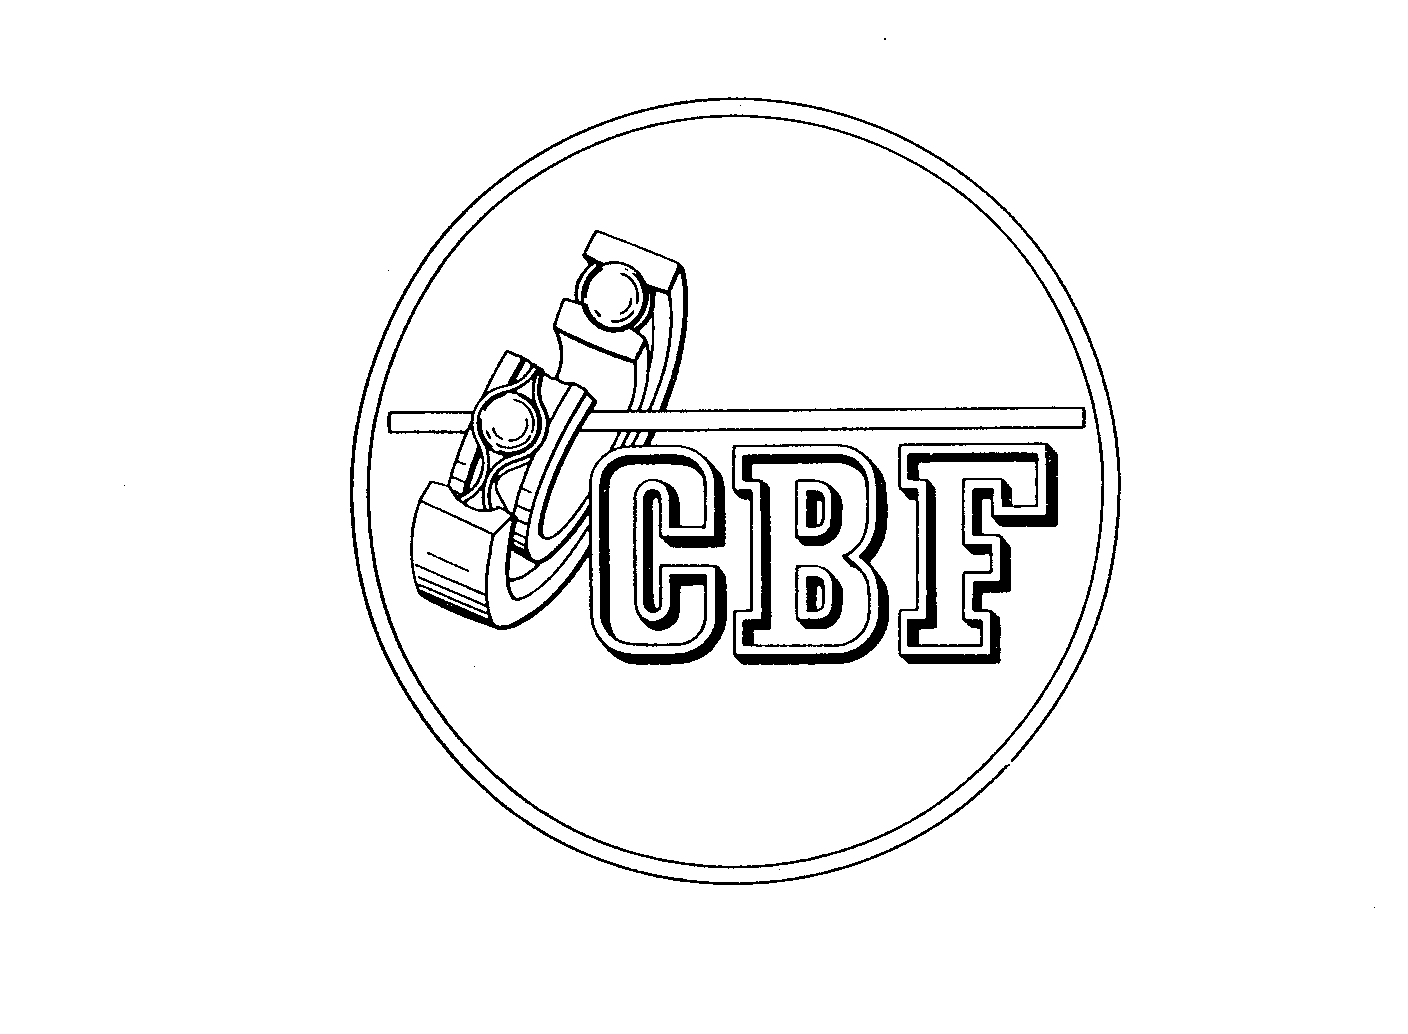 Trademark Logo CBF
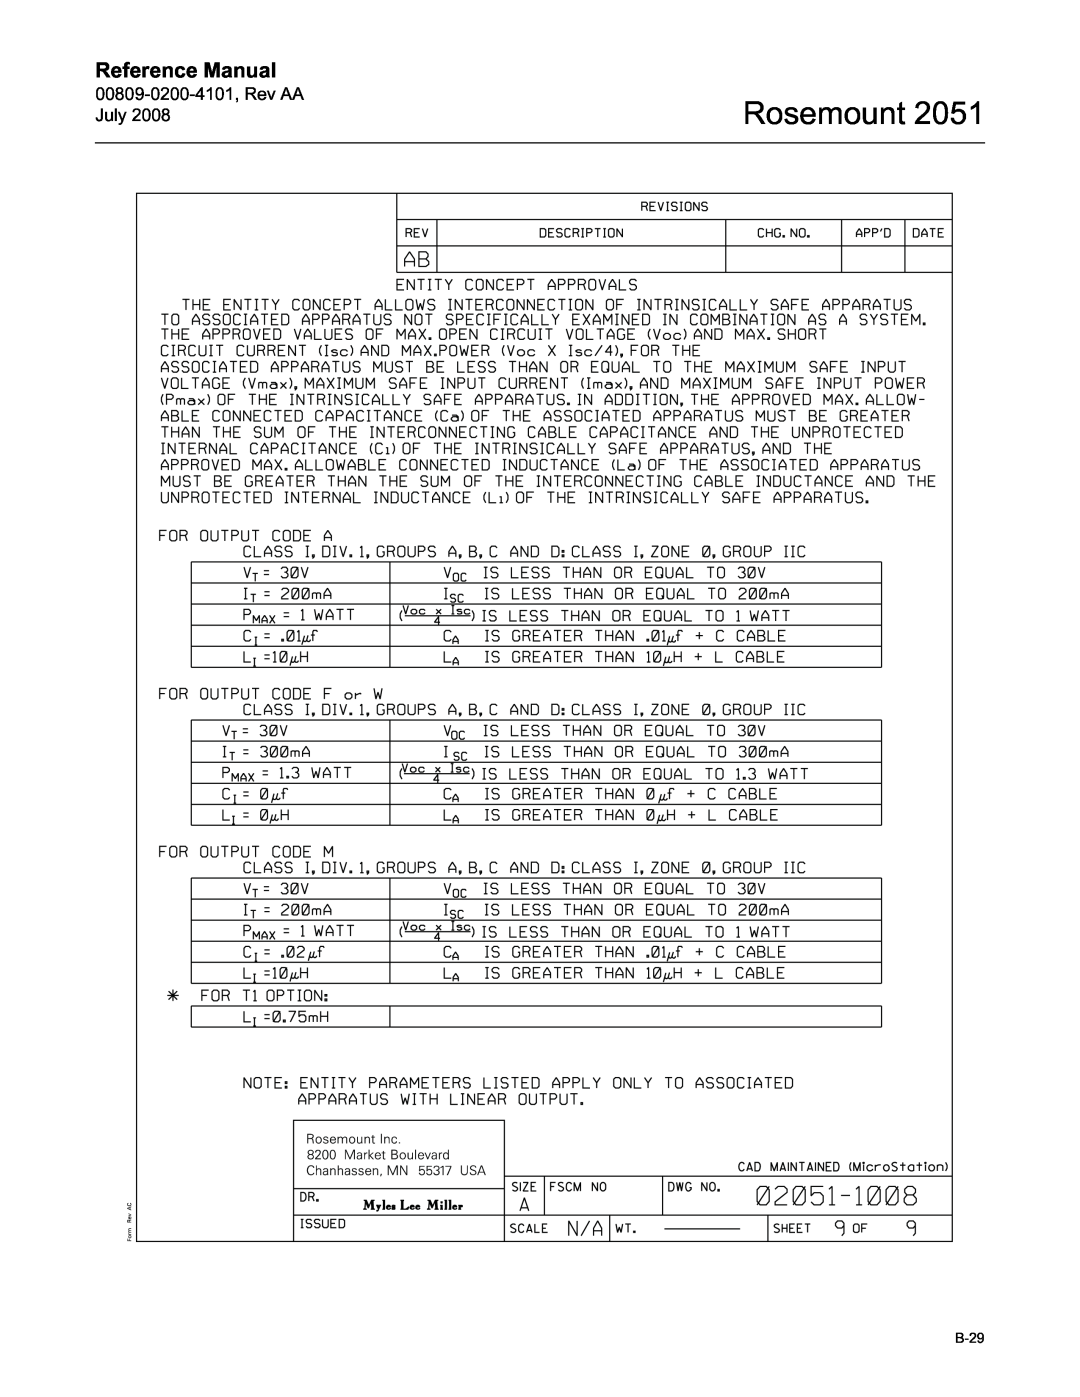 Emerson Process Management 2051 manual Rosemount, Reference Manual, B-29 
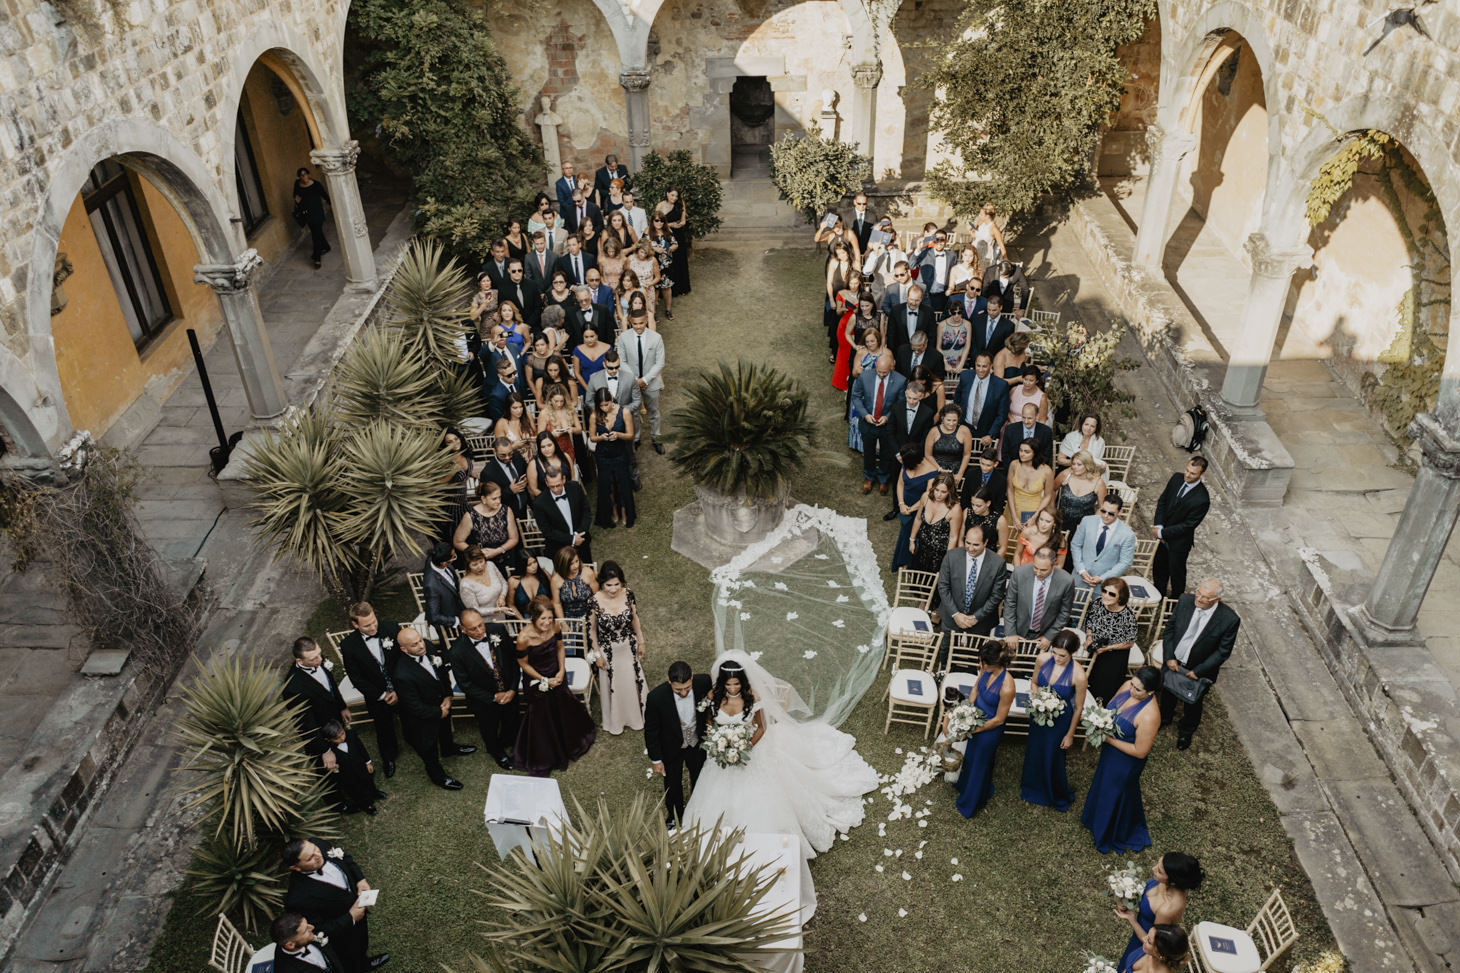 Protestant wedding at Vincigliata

## GOAL OF THE EXERCISE
What this calls for is a word-for-word copy of the listing above, pictures excluded.

## RESPONSE TO THIS EXERCISE
 Trademark Logo CBF
 Emerson Process Management 2051 manual Rosemount, Reference Manual, B-29 
 Protestant wedding at Vincigliata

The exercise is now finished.